Далеко от Москвы
Шрифт:
— Семен Ильич, — слабым голосом сказал ему Паршин, — Шмелев обещал раздобыть запчасти и прислать... Говорит, помогу во всем...
Вскоре он заснул. Обитатели «улитки» успокоились. Карпов собрался уходить, Силин его задерживал:
— Не торопись, пережди буран. У нас места хватит на всех. В тесноте, да не в обиде. Я еще тебя поблагодарить должен. И век буду благодарить. Товарища ты мне спас... И Алексею Николаевичу спасибо по гроб — выходил его, оживил...
— Пустое говоришь, паря, — сказал Карпов. — Твой товарищ, он и нам не чужой. Ну, будьте здоровы, спокойной
Он завернулся в тулуп, поклонился и ушел в буран. Силин, посидев возле спящего напарника, улегся рядом с ним. В домике под снегом все стихло, слышалось лишь прерывистое дыхание спасенного тракториста, негромкое похрапывание Силина и вой, улюлюканье пурги над крышей.
Беридзе не спалось. Когда, спустя некоторое время, он поднялся, чтобы поправить коптящий огонь в лампе и подбросить угля в печь, то увидел: Ковшов тоже не спит. Лежа на спине, он держал перед собой письмо, а глаза были устремлены поверх бумажных листков, и столько тоски было во взгляде, в плотно сжатых губах Алексея, что Беридзе перепугался.

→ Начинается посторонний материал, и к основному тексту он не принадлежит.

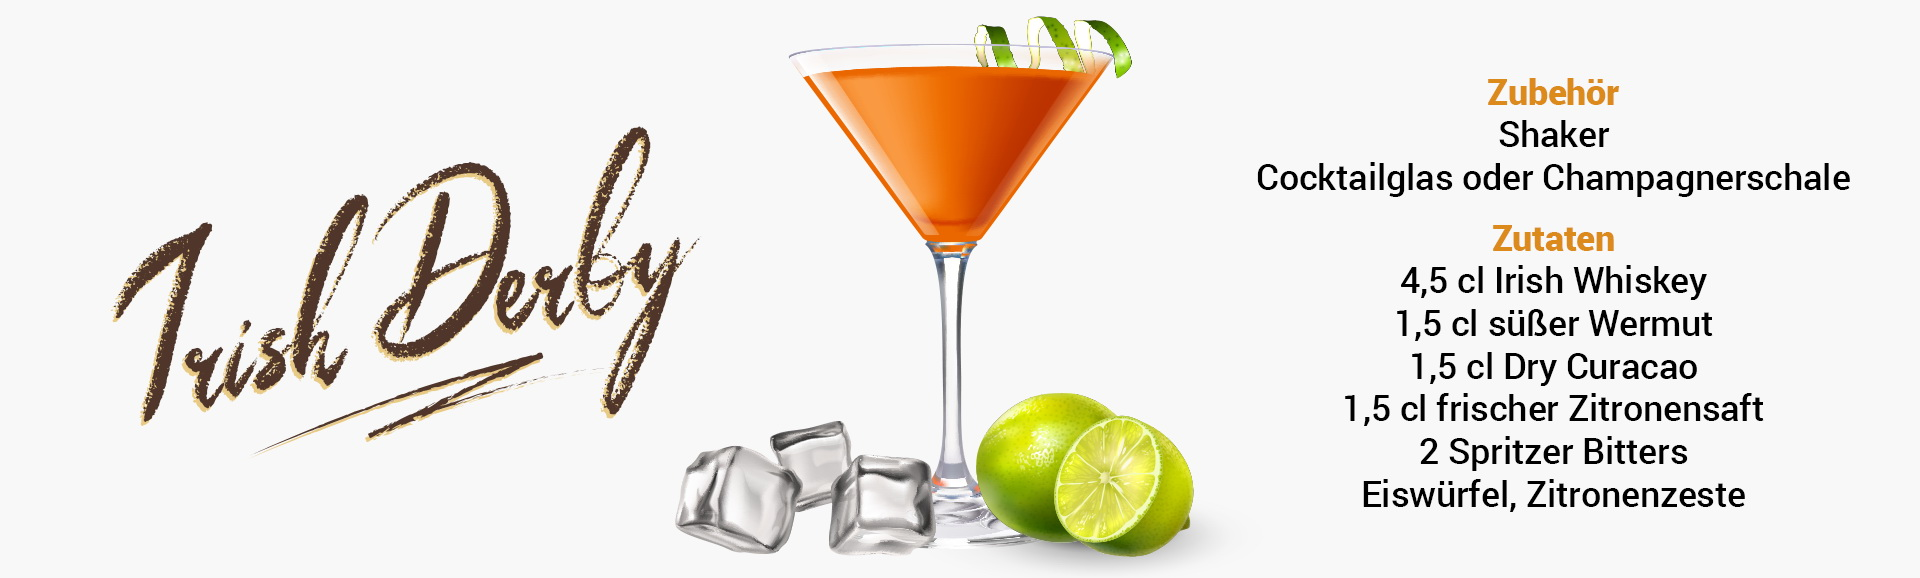 Whisky Cocktail: Irish Derby Rezept + Tipp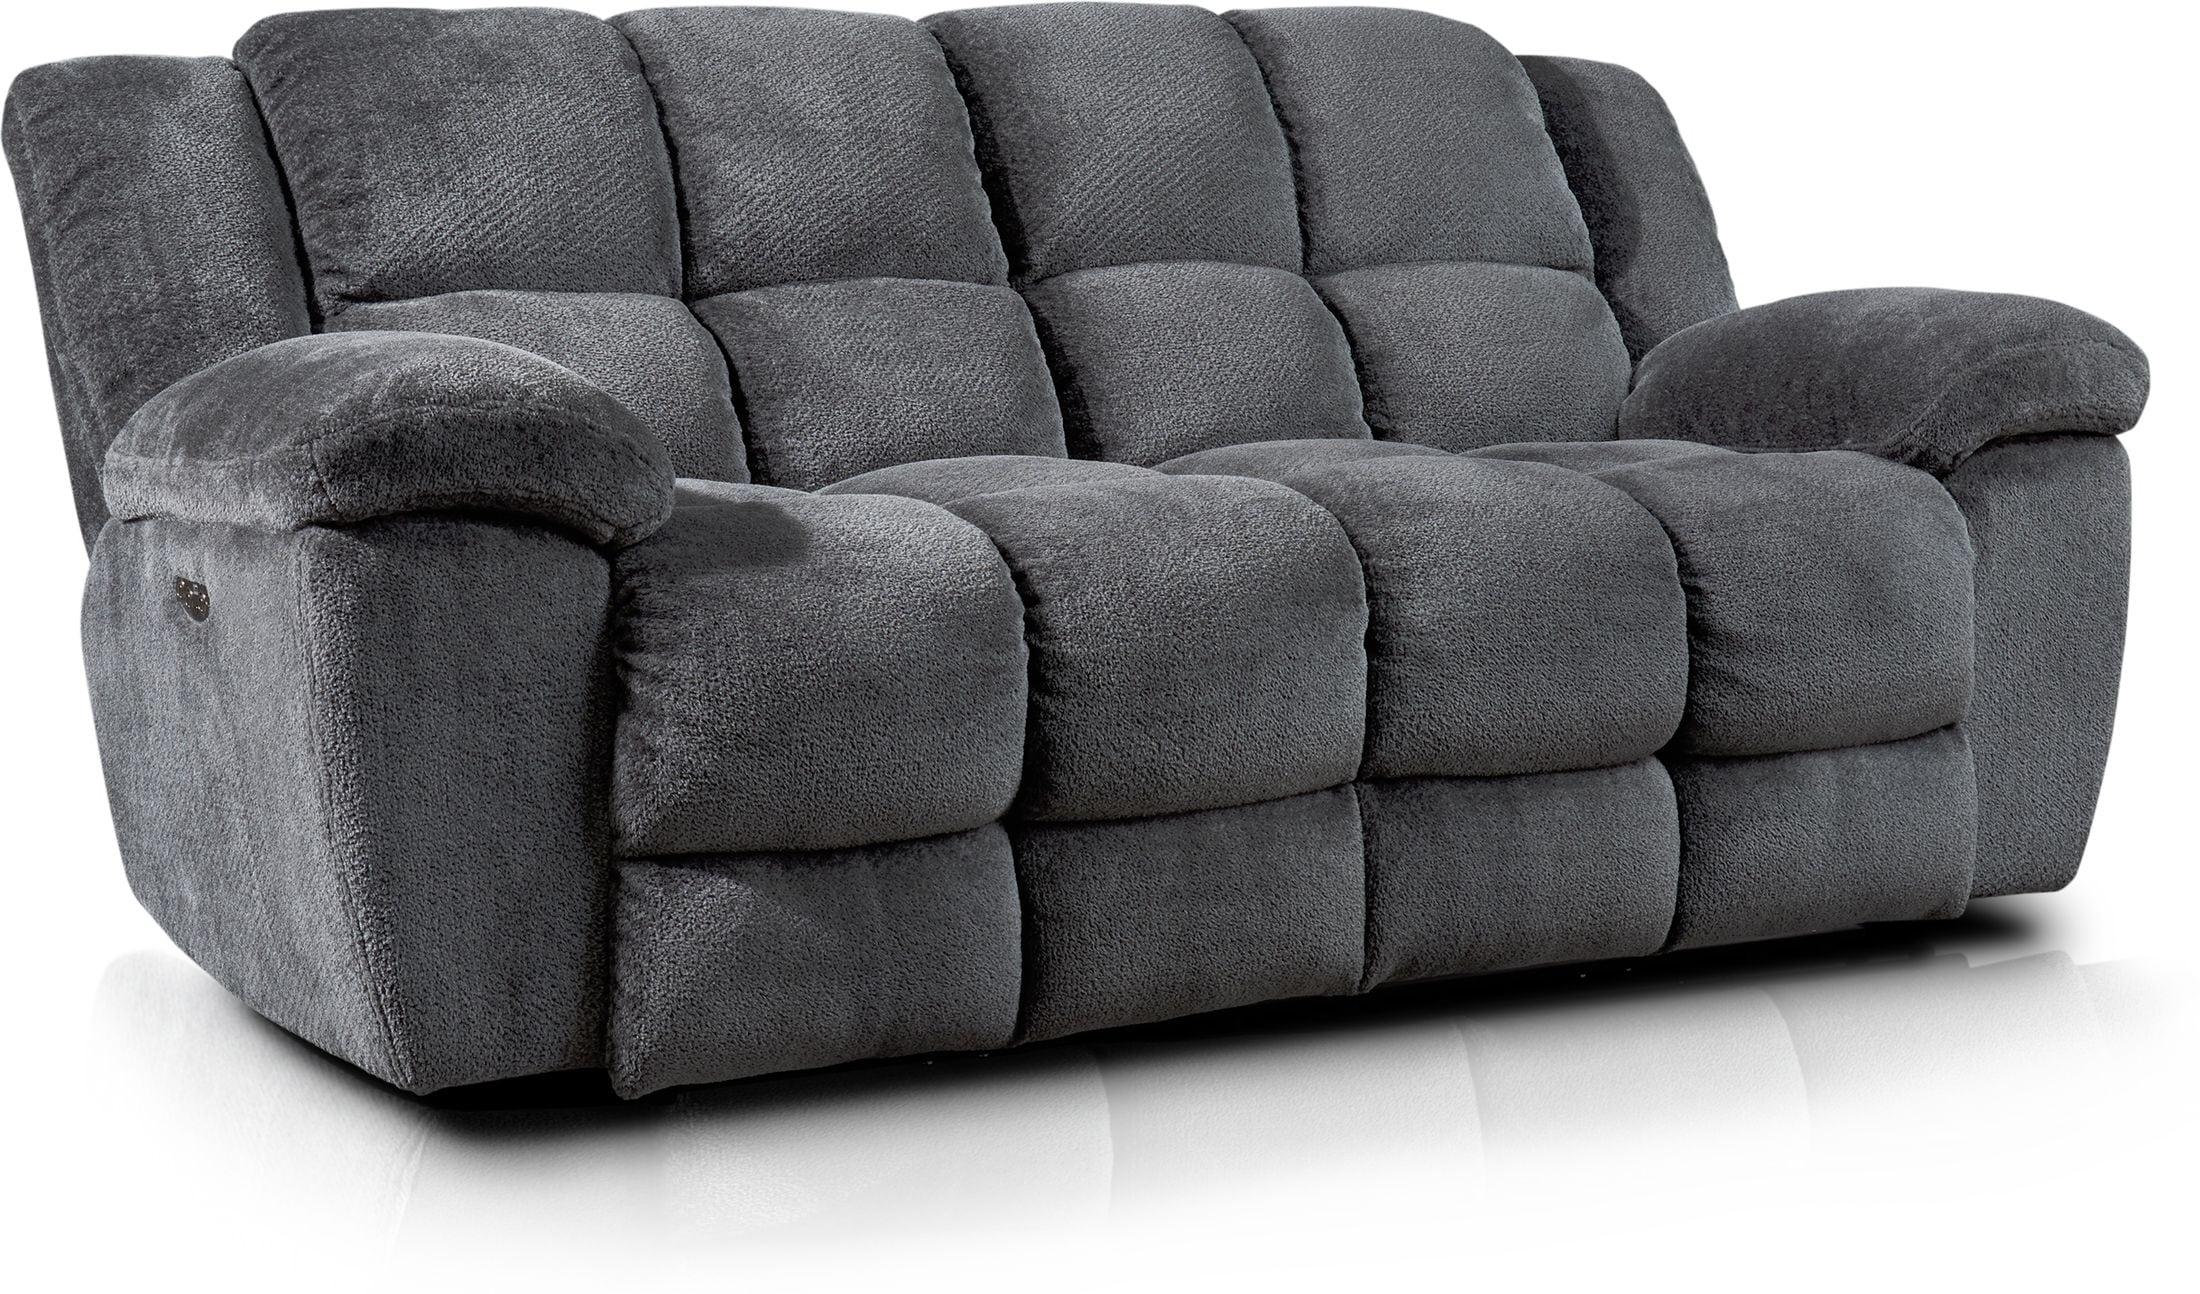 Living Room Furniture - Mellow Dual-Power Reclining Sofa - Gray

— Случилось что-нибудь, Алеша? Скажи мне, я же друг твой.
Алексей посмотрел на него долгим взглядом и молча протянул ему письмо из Москвы, от матери Зины. Вернувшись на свое место, Георгий Давыдович принялся читать его. Тревожась о дочери, старая женщина как бы беседовала о ней с человеком, который, она знала, так же горячо любил Зину, как и был ею любим.
«...Ко мне заходят ее подруги, оставшиеся в Москве. Получаю письма от тех девушек, которые находятся в эвакуации. Подчас во мне рождается на миг нехорошее чувство: и моя Зина могла быть здесь или уехать в глубокий тыл. Но по-настоящему я и не хочу для Зины другой судьбы. Она сама выбрала свою судьбу. Тебе не надо говорить, какая она гордая и смелая. Другой она быть не может и не надо. Только бы она, моя светлая, осталась жива!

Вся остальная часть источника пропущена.